Work required. Repeat the data in full. Drop every picture.

Data shown.
+++
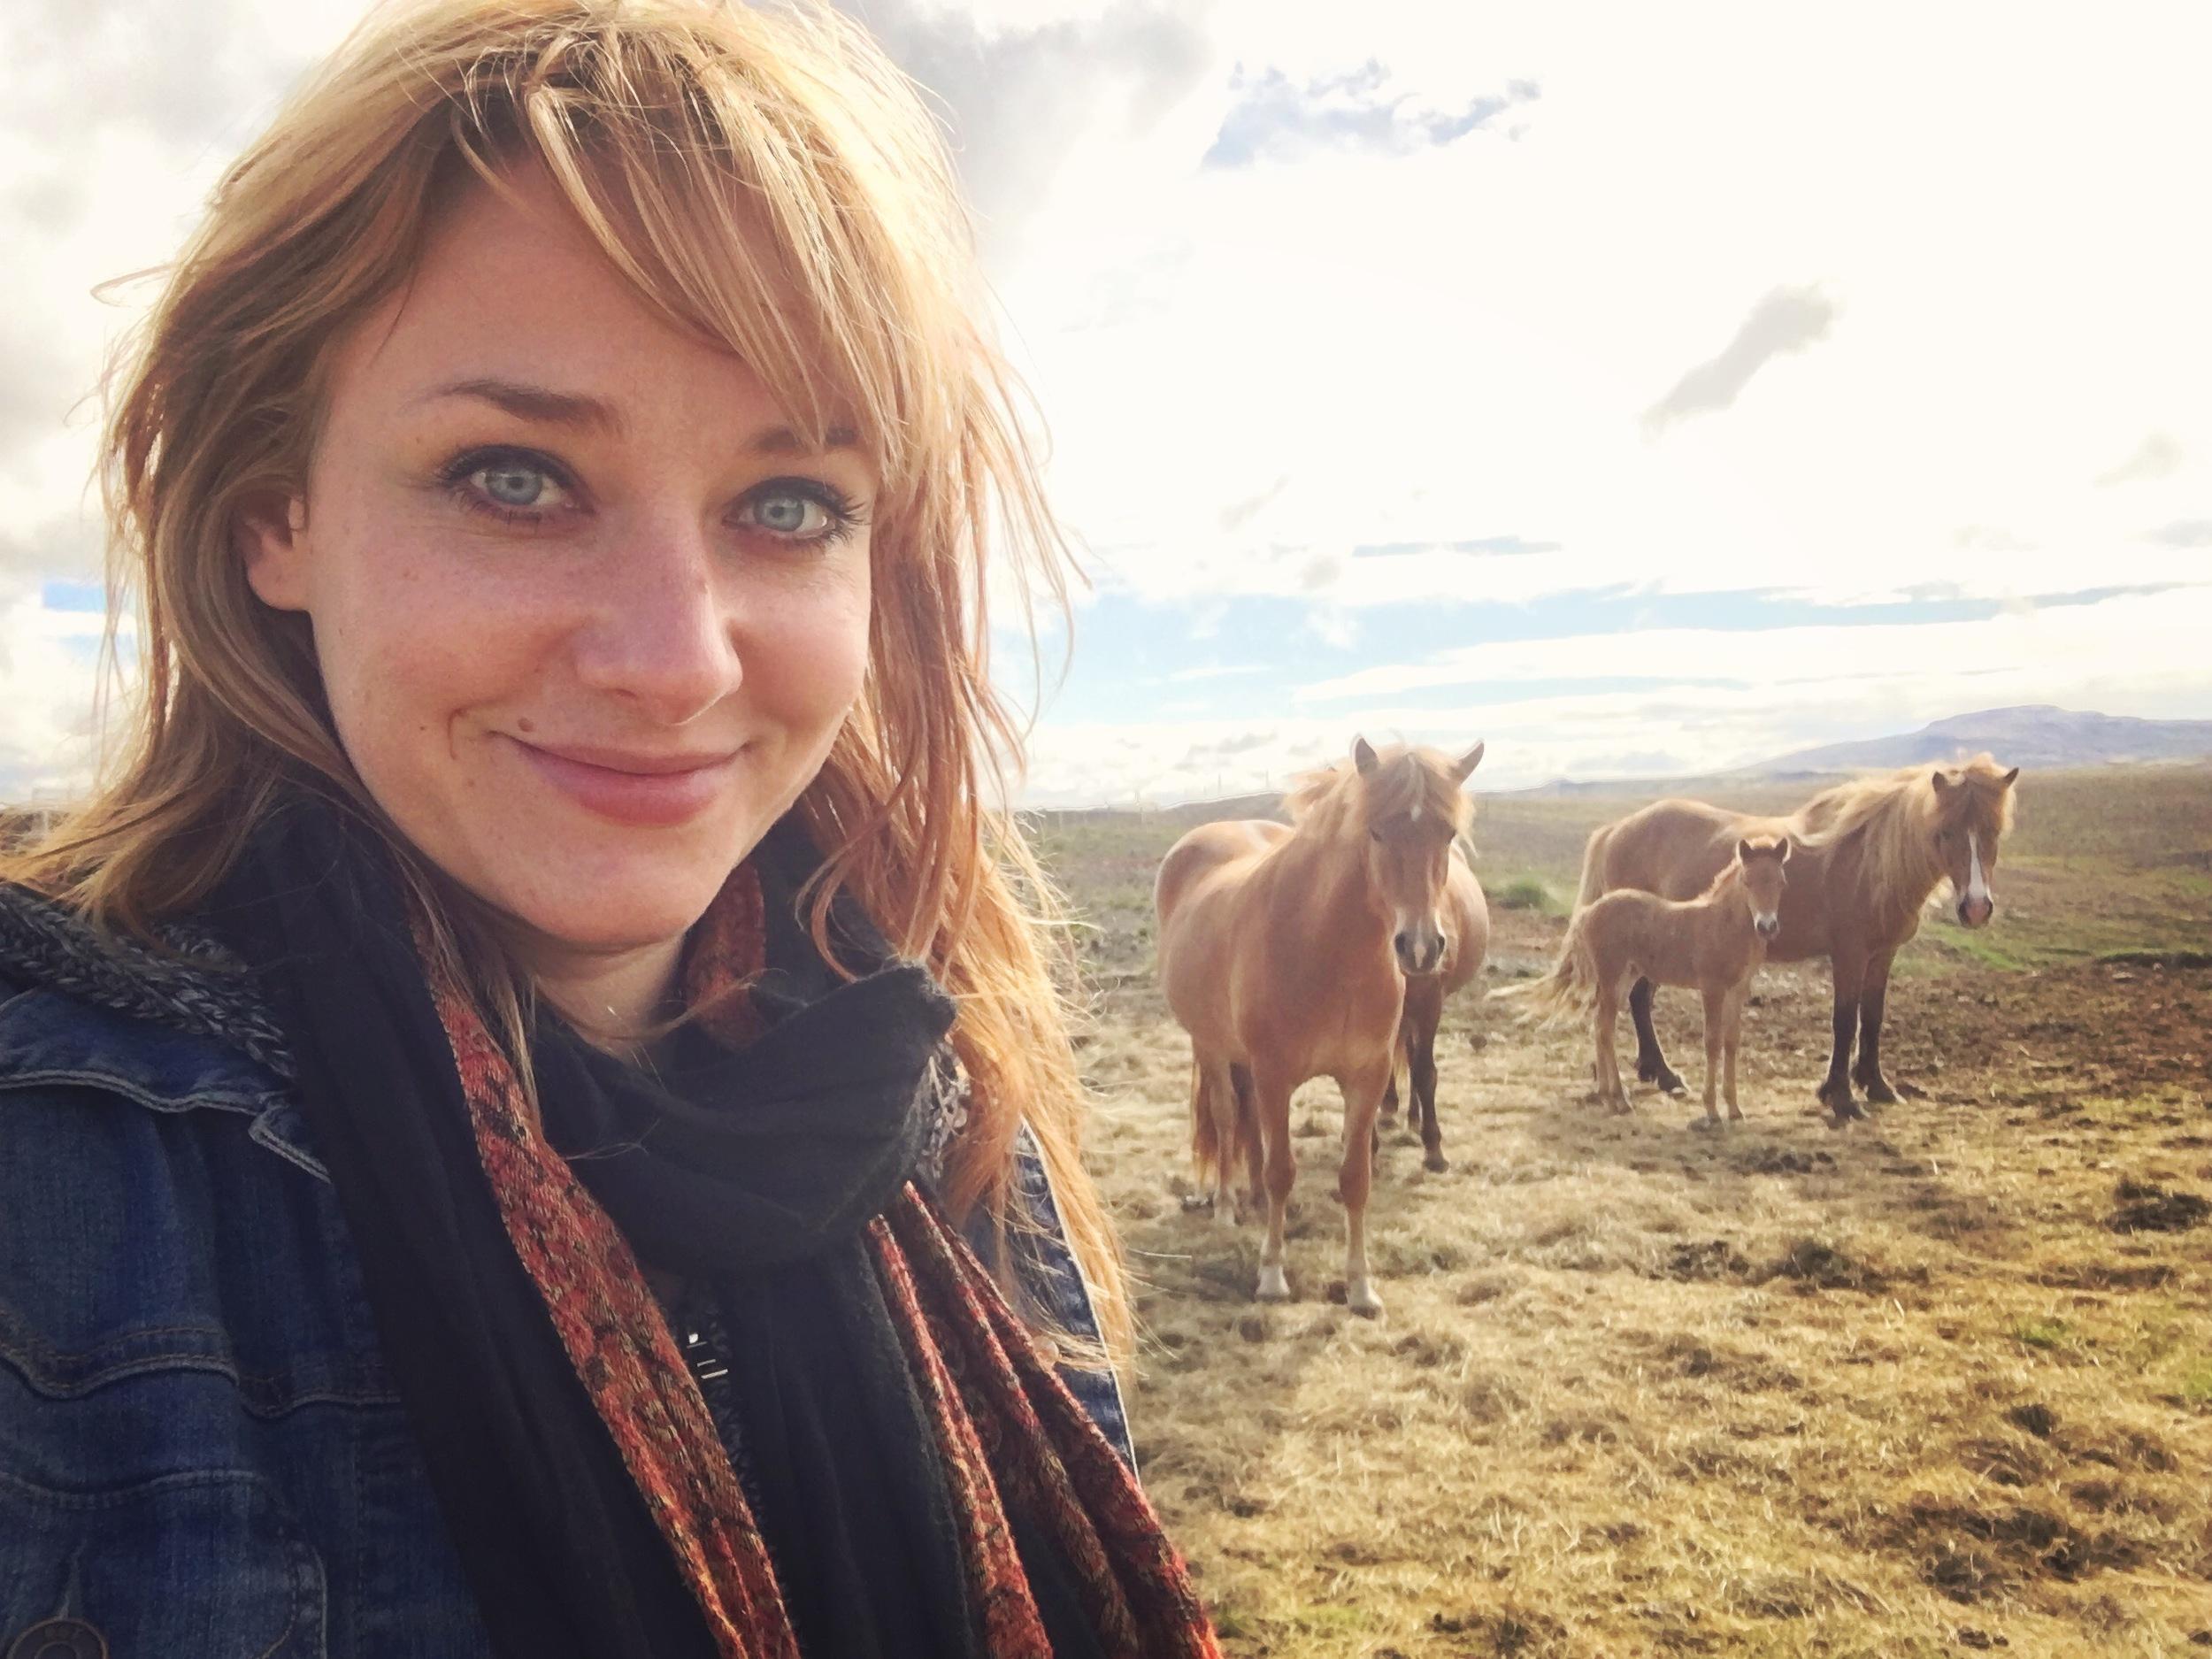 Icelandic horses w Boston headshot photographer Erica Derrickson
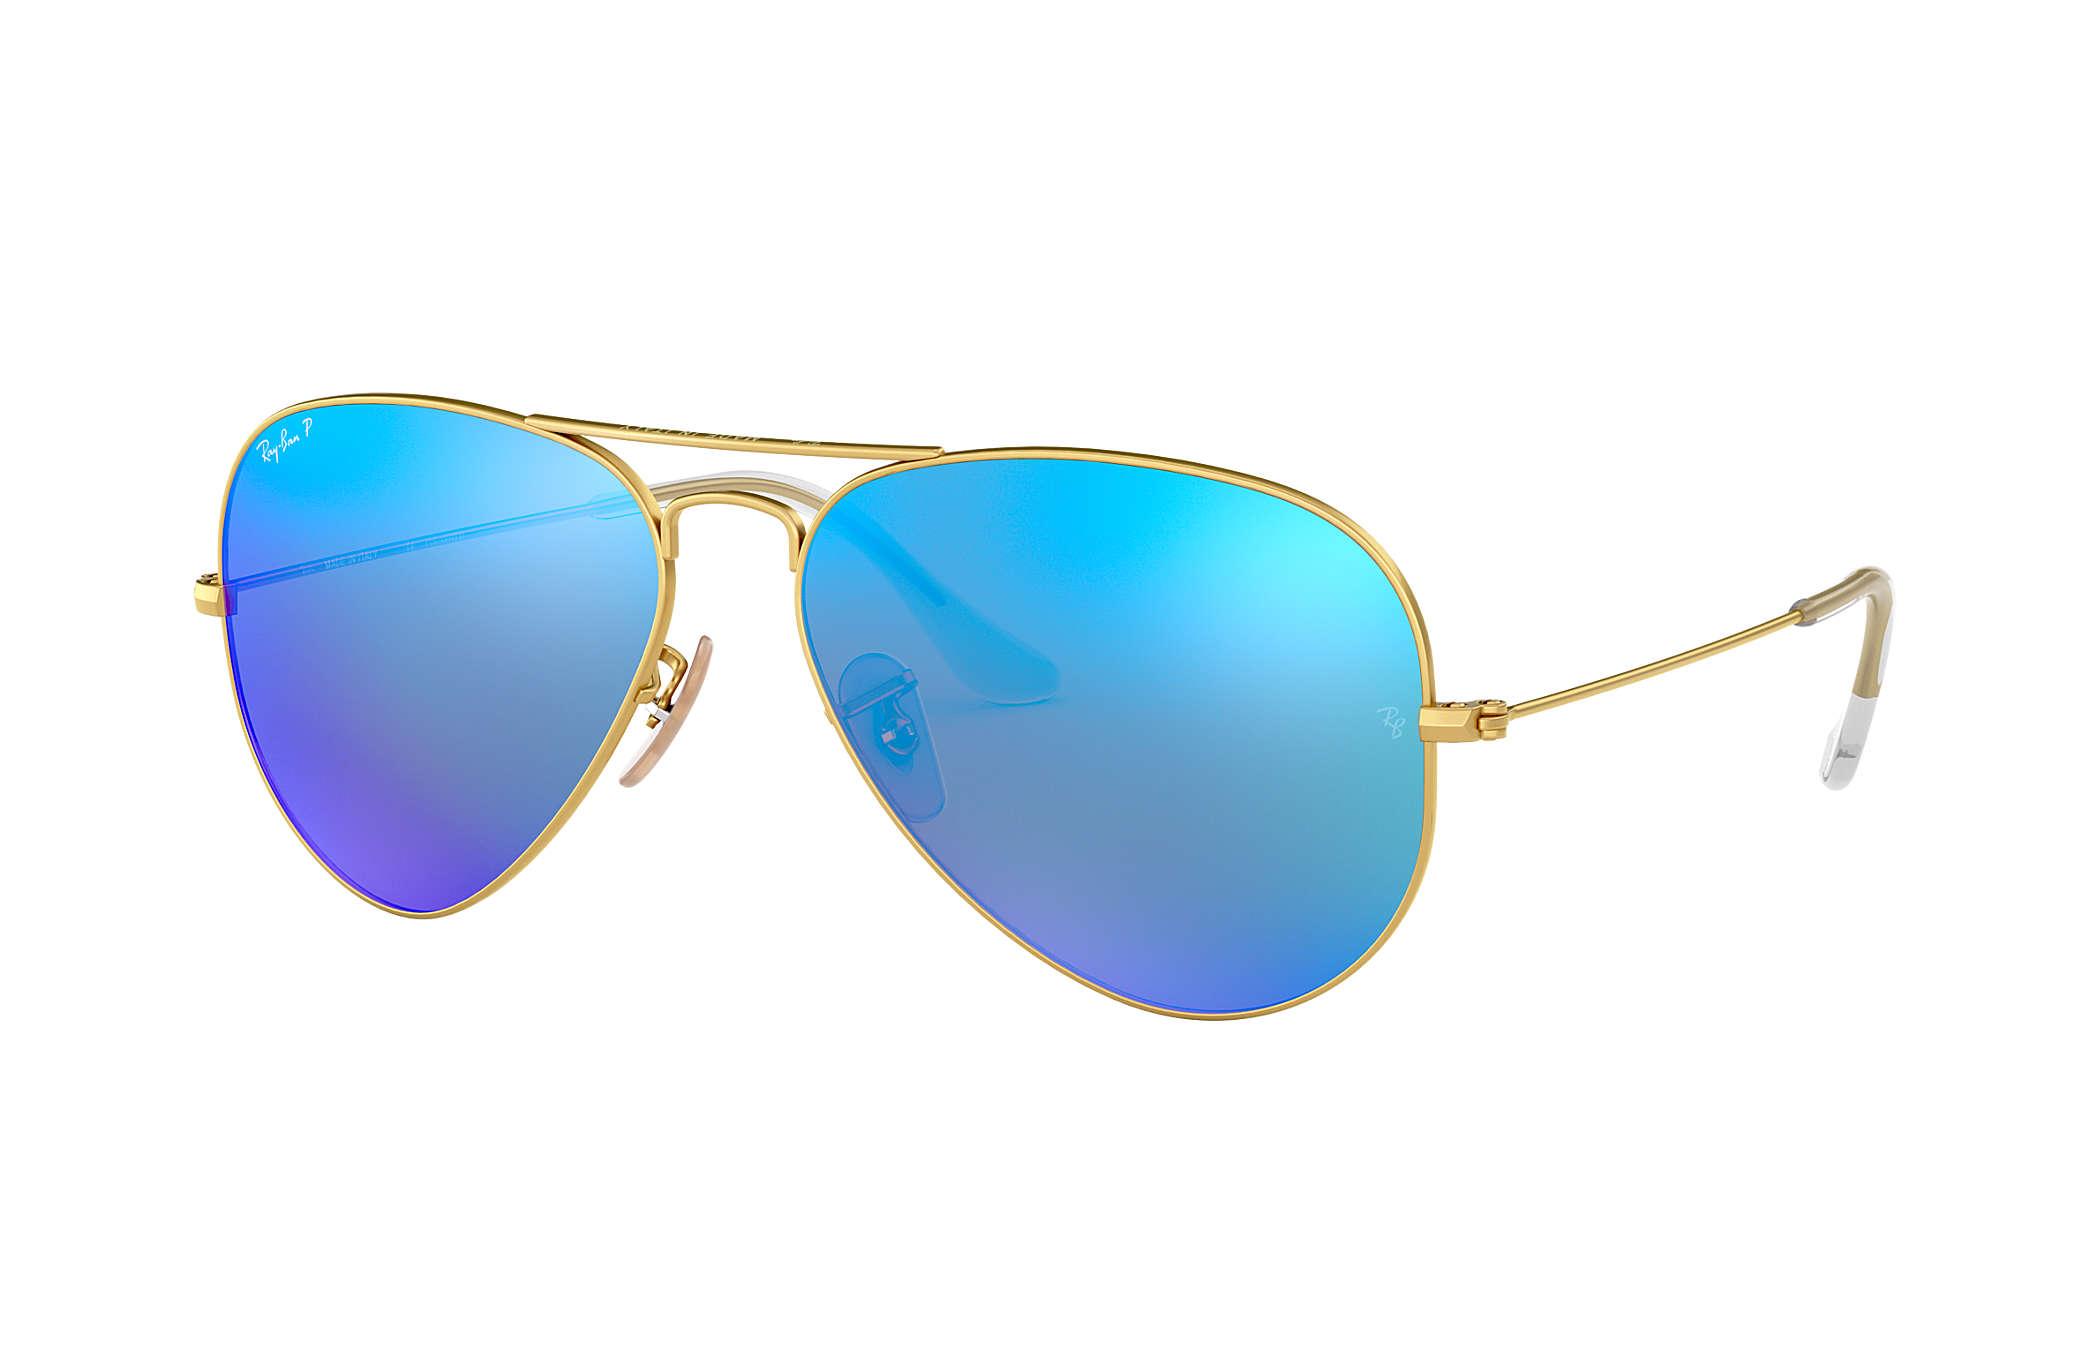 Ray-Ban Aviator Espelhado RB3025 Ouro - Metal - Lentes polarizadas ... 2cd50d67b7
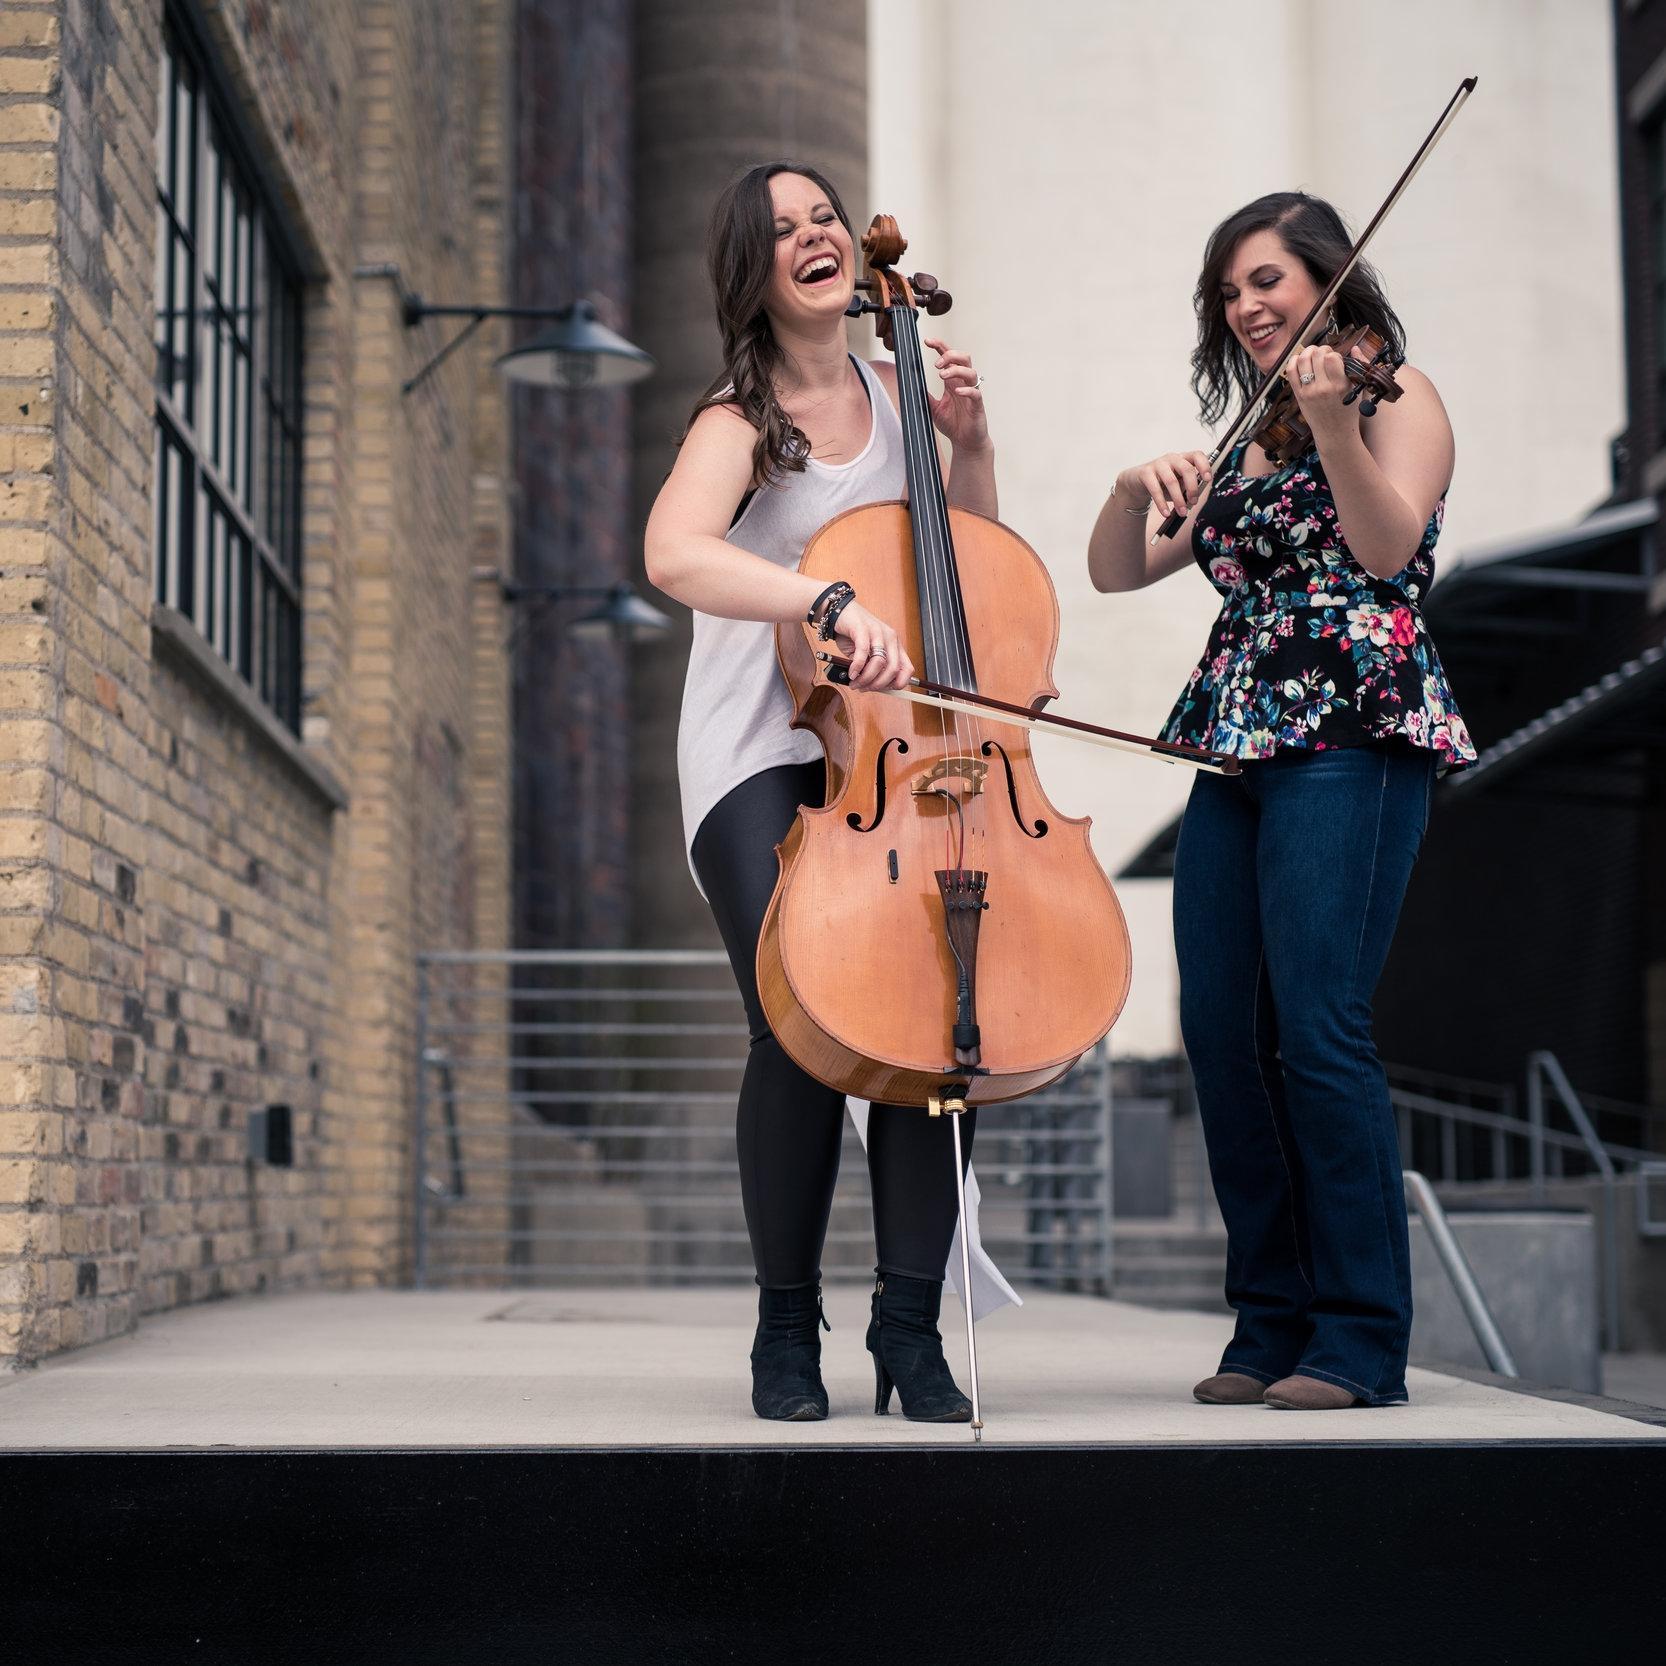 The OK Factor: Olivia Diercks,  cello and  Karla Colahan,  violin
+++
Completed task.
 Icelandic horses w Boston headshot photographer Erica Derrickson
 Ray-Ban Aviator Espelhado RB3025 Ouro - Metal - Lentes polarizadas ... 2cd50d67b7
 The OK Factor: Olivia Diercks,  cello and  Karla Colahan,  violin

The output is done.